(SUPPLIED DATA begins)
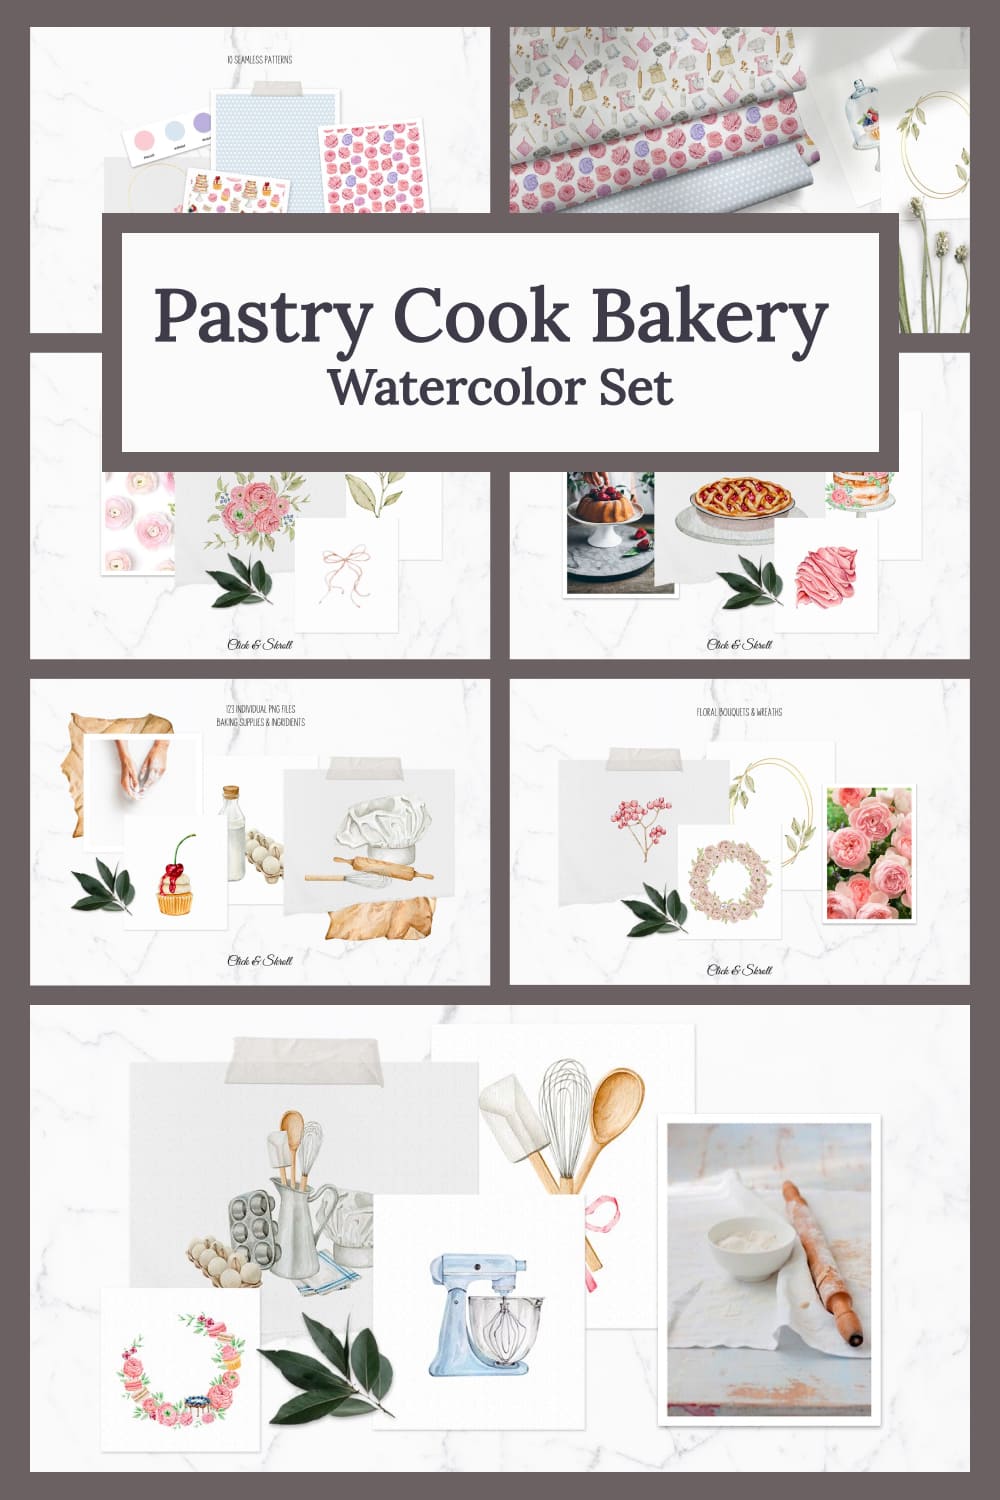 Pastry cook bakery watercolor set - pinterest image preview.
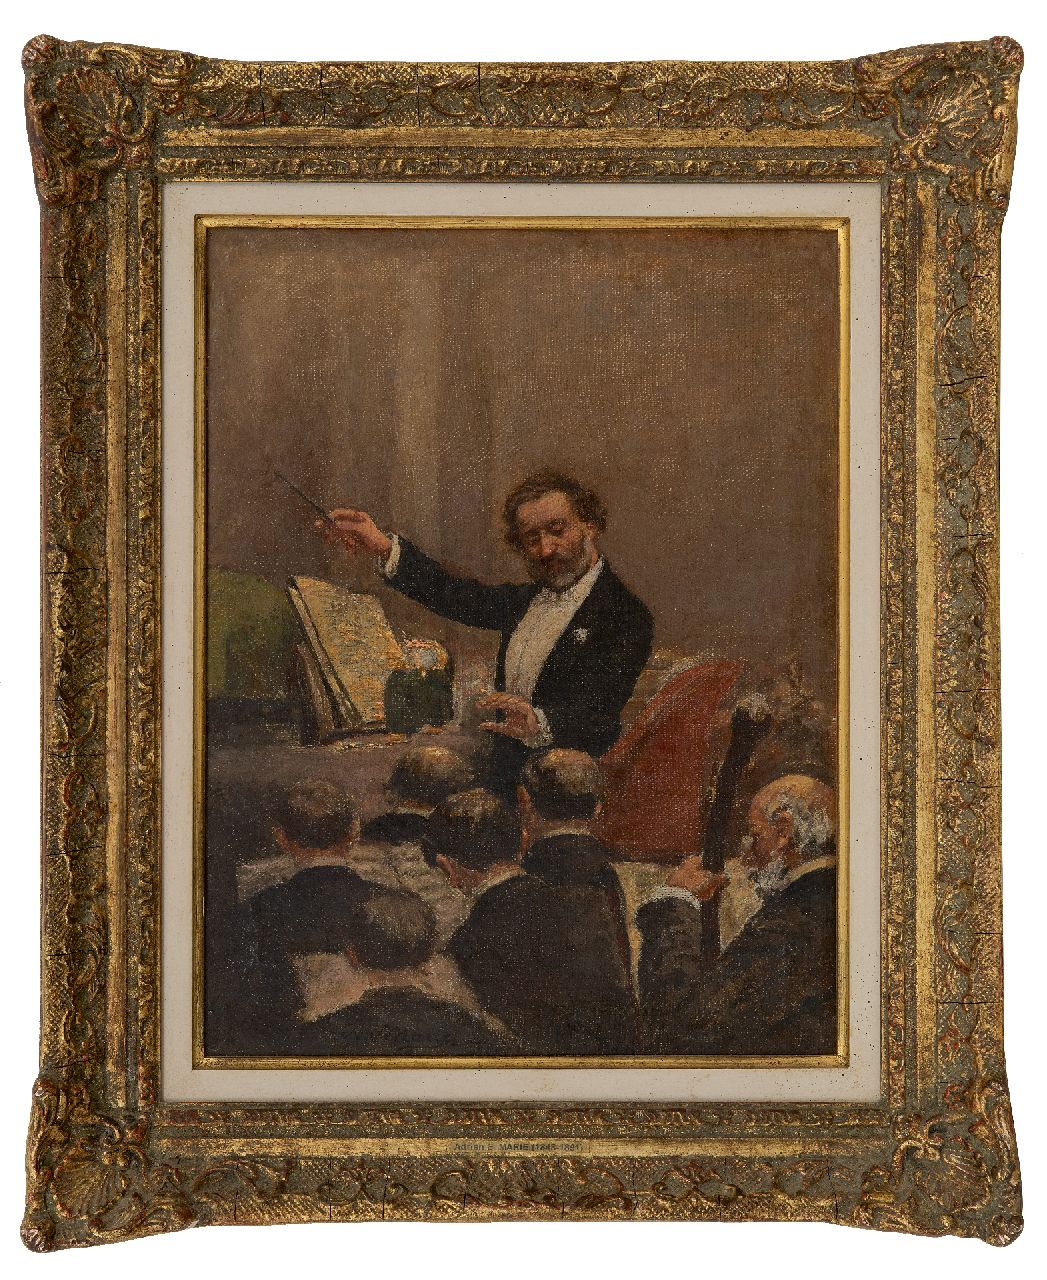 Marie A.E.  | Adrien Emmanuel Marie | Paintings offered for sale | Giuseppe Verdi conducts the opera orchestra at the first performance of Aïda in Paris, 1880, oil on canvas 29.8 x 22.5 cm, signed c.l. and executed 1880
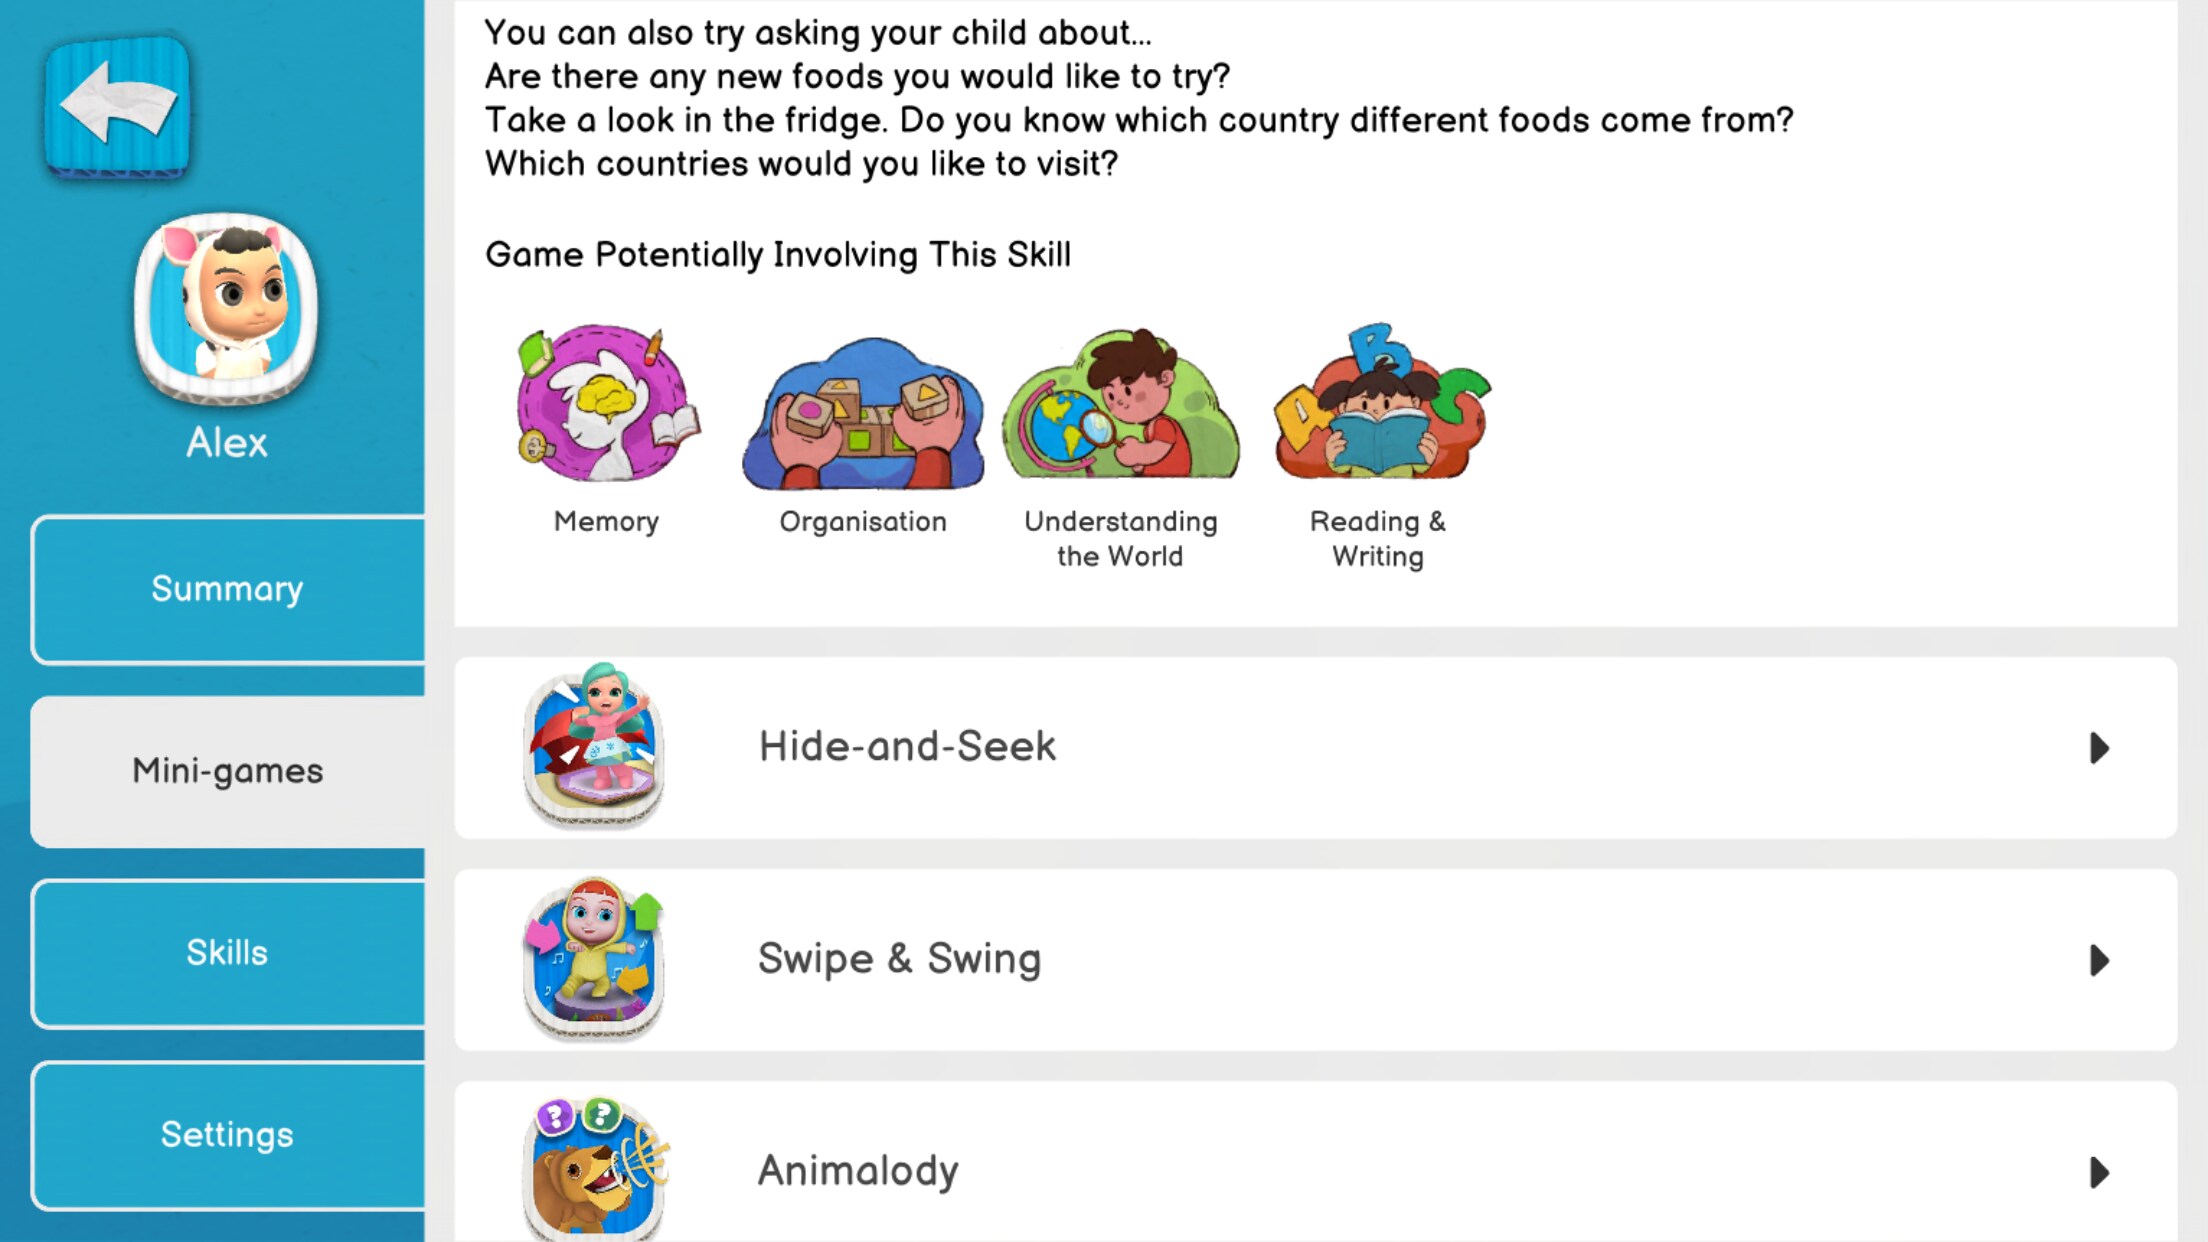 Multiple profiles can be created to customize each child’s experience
(SUPPLIED DATA ends)
When you reach the line containing "and executed 1880" in the listing above, reproduce it and every line after it through the last, exactly; omit the pictures.

 Marie A.E.  | Adrien Emmanuel Marie | Paintings offered for sale | Giuseppe Verdi conducts the opera orchestra at the first performance of Aïda in Paris, 1880, oil on canvas 29.8 x 22.5 cm, signed c.l. and executed 1880
 Multiple profiles can be created to customize each child’s experience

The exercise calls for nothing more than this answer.